Should I use trading strategies in the cryptocurrency market?
Cryptotrading without a strategy, as a rule, shows the worst result. Trading with the use of individually developed strategies shows a better result than trading based on template strategies. Why?
Strategy streamlines trading. Trading in cryptocurrencies on the exchange includes the use of a huge amount of specific, but poorly captured mathematical data. Chaotic actions that do not take into account these data at all are naturally more unprofitable.
Actions that take into account certain data are more effective. Actions that take into account all the mathematical data will be the most effective.
All data one trader can not take into account due to their excessive number and complexity of the mathematical relationships between them. Therefore, strategies are formed that use only a small part of this data, the mathematical relationships between which are more or less clear to the trader.
Theoretically, the more data a trader understands, the more strategies he can make and the more effective they will be. However, practice shows that for successful trading on a crypto market, 3-5 well-applied strategies are enough. Competently applied – this is when the trader knows under what conditions, on the market of which cryptocurrency it is better to apply this or that strategy and why.
You can get in the market of some cryptocurrencies with 1-2 strategies. Moreover, some experienced traders after numerous experiments choose one strategy, study it thoroughly and work only with it.
The effectiveness of this method is quite high, since a thorough study of the strategy significantly reduces the number of errors (and, consequently, losses) and the vast majority of trader’s transactions turn out to be profitable.
Newbies often start with a long use of one strategy. This is less justified in their case, since other strategies may suit the novice trader not less, but even more. Because of this, newcomers are usually advised to alternately try different strategies.
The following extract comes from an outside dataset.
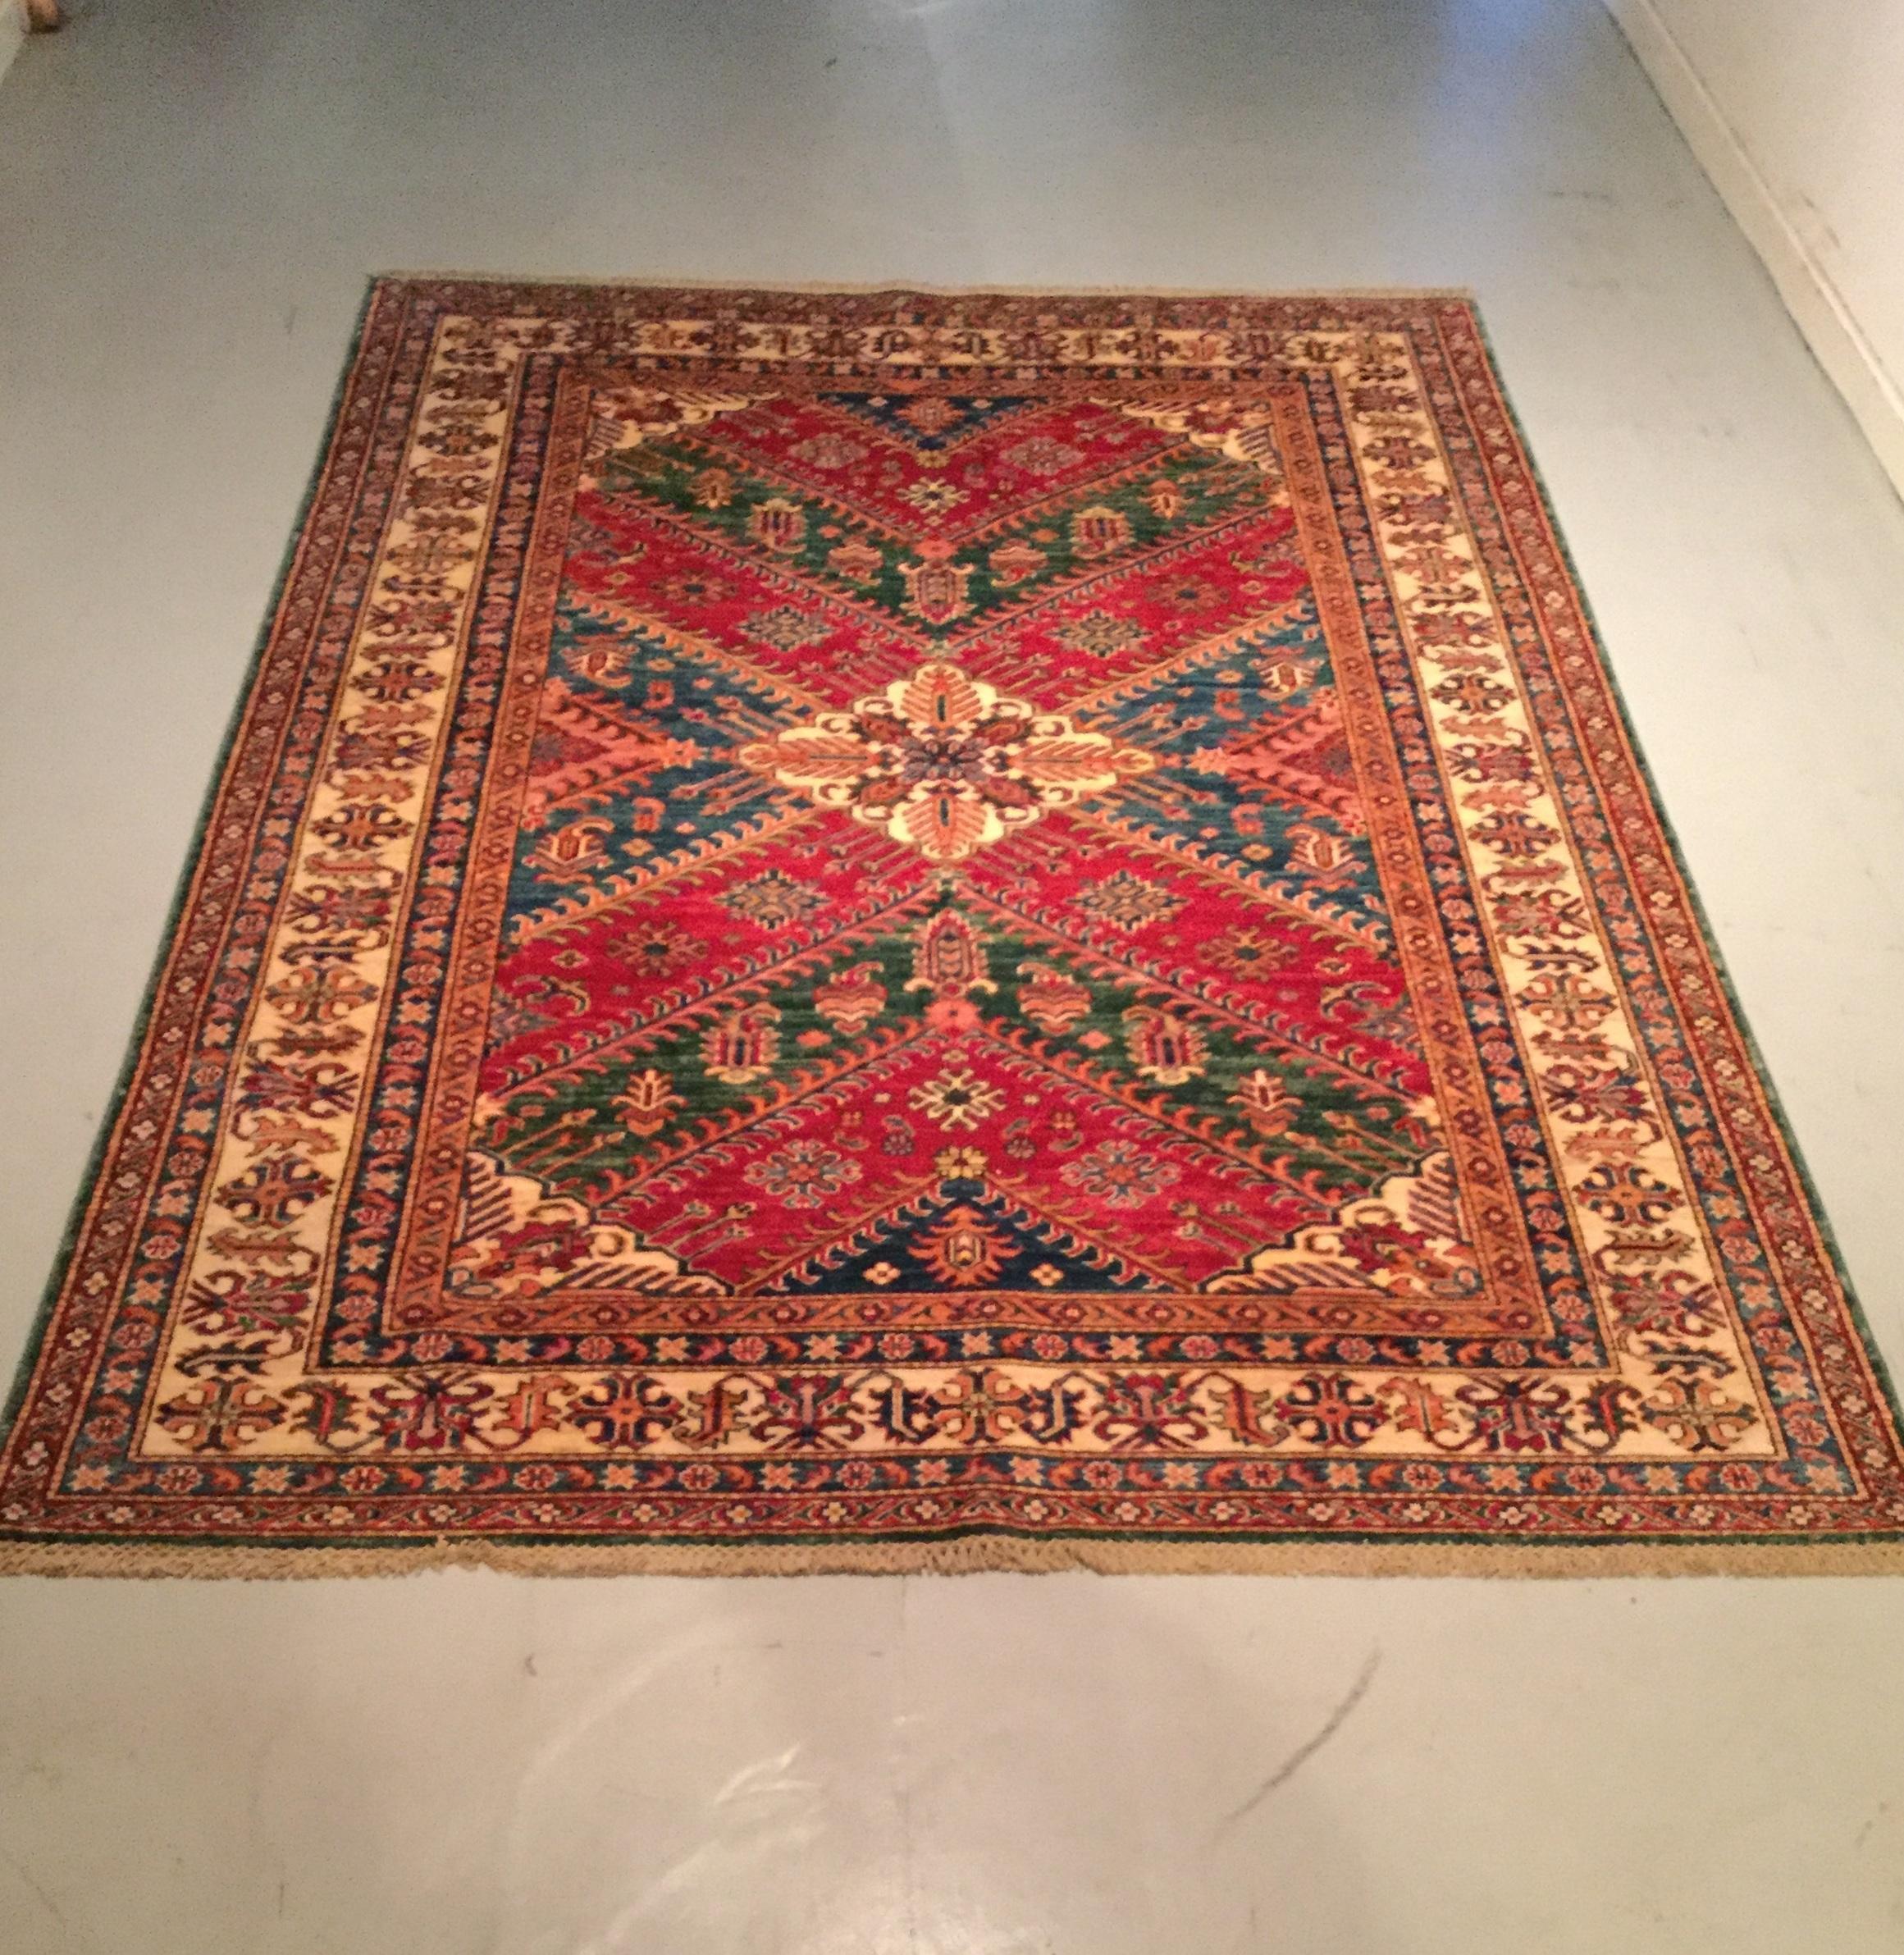 Afghan Kazak - Circa 2000's    Size Measurements: 240cm x 171cm

A beginner is not recommended to try to use all strategies at the same time when working with a single cryptocurrency, because it interferes with the detailed study of each strategy, confuses the novice and creates chaos in his picture of the market.
Using strategies allows you to study their applicability in a particular market, which is important for future successful trading. In addition, strategies save the time of the trader, since they only involve trading under certain circumstances.
Also, the use of trading strategies helps to less emotionally respond to market movement. All this makes trading more efficient, so trading strategies on the cryptocurrency market are common and relevant for beginners and experienced players.